YOUR INSTRUCTIONS
Copy the lines below verbatim. Begin with the first and end with the line containing "Glacier/wildlife day cruise out of seward".

[Opening INPUT section]

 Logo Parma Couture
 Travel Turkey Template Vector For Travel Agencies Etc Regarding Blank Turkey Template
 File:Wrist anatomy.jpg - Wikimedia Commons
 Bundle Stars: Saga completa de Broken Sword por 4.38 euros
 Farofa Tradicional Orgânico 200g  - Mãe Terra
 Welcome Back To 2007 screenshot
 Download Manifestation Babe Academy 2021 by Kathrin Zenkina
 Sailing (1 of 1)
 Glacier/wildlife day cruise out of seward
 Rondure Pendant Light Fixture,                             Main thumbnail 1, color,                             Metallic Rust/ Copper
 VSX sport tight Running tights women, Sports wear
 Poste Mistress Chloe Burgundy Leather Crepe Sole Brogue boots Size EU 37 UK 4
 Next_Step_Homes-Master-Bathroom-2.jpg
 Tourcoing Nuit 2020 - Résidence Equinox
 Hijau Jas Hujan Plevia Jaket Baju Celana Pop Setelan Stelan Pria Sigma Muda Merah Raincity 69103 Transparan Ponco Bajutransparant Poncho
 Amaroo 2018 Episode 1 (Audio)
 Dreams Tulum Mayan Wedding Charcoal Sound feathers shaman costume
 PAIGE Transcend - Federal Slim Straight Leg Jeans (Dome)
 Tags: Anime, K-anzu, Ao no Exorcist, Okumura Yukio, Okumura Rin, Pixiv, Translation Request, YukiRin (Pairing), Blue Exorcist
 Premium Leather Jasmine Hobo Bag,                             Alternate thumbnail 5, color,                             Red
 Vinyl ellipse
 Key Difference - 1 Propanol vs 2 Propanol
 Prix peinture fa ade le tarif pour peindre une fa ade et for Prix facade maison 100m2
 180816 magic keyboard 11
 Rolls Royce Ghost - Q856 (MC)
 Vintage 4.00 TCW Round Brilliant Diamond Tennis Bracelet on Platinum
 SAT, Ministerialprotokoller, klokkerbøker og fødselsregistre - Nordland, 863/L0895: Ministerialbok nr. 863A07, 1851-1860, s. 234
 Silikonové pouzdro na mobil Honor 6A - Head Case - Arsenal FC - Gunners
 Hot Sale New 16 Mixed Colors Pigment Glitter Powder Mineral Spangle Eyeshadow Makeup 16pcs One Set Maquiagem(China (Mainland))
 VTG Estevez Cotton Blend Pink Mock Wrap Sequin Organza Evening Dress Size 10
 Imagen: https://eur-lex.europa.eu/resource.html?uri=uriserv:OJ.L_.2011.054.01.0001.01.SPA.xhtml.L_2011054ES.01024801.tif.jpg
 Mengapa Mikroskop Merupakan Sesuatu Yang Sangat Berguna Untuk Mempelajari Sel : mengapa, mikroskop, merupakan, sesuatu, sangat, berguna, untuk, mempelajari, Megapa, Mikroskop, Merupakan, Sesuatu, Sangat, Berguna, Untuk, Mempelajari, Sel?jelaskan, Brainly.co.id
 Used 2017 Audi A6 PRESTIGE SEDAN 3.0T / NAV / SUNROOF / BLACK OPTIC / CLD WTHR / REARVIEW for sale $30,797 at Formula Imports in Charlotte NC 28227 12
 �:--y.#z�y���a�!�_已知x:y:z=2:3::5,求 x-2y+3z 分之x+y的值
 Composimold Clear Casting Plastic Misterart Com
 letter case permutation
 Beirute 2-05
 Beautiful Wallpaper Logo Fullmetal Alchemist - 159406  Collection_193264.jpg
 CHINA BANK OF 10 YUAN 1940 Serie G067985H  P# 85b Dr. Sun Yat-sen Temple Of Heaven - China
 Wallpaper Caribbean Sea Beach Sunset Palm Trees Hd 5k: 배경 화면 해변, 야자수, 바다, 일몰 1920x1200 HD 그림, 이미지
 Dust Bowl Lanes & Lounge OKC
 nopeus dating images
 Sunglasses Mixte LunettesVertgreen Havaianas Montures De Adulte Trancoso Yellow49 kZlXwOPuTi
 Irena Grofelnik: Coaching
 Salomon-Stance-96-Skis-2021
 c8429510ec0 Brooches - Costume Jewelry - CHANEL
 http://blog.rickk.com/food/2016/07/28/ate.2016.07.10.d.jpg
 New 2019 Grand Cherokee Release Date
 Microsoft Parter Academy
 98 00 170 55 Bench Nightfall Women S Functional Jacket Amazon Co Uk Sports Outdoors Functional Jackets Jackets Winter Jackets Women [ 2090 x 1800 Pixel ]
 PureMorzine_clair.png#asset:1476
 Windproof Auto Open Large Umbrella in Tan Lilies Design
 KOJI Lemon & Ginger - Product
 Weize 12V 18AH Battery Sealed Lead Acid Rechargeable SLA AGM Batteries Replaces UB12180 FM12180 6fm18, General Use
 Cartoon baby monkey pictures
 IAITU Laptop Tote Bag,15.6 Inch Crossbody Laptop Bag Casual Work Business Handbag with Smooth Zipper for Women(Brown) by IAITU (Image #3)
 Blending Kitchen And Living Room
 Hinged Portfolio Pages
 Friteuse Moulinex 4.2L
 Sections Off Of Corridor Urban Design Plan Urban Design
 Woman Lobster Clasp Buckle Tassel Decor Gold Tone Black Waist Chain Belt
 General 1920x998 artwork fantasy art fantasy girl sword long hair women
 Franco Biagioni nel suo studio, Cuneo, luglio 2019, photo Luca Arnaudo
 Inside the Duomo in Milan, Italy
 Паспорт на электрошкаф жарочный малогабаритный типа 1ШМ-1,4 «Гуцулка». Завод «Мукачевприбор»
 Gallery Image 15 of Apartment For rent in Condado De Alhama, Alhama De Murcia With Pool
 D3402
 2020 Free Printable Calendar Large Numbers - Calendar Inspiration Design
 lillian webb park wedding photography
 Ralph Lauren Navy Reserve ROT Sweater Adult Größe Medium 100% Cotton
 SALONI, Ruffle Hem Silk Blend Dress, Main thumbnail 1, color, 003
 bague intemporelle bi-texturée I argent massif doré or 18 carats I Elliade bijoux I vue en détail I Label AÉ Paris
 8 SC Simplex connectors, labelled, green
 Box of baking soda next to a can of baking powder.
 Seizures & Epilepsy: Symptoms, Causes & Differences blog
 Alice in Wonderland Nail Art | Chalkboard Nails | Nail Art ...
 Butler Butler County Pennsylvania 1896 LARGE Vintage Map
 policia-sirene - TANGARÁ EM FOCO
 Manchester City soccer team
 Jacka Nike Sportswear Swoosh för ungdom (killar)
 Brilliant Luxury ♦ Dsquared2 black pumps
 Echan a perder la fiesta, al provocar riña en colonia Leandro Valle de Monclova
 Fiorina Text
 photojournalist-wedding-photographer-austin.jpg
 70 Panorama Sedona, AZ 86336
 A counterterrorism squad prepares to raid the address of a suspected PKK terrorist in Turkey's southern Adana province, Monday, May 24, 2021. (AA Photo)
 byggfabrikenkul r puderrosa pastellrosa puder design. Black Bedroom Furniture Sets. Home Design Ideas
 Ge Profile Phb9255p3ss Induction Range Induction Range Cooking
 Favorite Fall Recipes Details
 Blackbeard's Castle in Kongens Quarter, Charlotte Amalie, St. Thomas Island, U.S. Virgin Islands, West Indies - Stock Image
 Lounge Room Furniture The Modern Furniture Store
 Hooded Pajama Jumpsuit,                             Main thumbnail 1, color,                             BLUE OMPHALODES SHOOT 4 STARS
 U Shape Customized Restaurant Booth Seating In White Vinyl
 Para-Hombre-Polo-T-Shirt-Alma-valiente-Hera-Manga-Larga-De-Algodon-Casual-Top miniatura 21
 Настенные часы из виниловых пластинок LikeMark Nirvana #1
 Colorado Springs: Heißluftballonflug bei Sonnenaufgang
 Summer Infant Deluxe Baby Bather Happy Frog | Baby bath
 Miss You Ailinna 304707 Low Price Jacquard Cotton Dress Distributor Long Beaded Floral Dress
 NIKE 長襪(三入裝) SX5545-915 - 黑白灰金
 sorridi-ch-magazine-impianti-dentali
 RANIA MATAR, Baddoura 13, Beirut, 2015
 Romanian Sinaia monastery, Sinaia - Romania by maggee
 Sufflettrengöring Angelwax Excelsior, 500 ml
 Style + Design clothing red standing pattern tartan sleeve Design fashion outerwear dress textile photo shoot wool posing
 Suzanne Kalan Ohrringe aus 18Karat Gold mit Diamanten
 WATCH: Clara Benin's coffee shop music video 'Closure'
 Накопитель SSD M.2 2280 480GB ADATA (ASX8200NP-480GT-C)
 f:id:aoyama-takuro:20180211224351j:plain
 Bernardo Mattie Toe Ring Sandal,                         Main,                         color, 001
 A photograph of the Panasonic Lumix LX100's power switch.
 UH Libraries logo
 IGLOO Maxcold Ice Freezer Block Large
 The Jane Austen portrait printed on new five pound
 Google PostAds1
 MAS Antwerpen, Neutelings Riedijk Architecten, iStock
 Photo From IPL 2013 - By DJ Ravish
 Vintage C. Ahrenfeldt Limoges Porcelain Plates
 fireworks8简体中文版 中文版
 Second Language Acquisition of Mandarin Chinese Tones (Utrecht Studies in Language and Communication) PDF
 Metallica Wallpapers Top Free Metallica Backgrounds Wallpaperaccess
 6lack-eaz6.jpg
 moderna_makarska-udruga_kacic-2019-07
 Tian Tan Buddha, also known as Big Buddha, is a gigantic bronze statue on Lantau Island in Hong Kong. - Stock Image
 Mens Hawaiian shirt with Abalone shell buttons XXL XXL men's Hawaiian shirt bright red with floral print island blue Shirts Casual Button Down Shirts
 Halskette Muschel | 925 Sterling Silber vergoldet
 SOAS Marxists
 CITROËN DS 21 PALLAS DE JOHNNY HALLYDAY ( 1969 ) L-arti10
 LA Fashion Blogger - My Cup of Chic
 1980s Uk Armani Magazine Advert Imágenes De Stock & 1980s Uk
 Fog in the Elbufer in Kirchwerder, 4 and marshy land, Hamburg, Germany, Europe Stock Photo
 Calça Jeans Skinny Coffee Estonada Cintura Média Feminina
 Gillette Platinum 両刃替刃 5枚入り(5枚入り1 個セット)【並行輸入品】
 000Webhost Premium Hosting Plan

[Closing INPUT section]

RESPONSE TO THIS EXERCISE
 Logo Parma Couture
 Travel Turkey Template Vector For Travel Agencies Etc Regarding Blank Turkey Template
 File:Wrist anatomy.jpg - Wikimedia Commons
 Bundle Stars: Saga completa de Broken Sword por 4.38 euros
 Farofa Tradicional Orgânico 200g  - Mãe Terra
 Welcome Back To 2007 screenshot
 Download Manifestation Babe Academy 2021 by Kathrin Zenkina
 Sailing (1 of 1)
 Glacier/wildlife day cruise out of seward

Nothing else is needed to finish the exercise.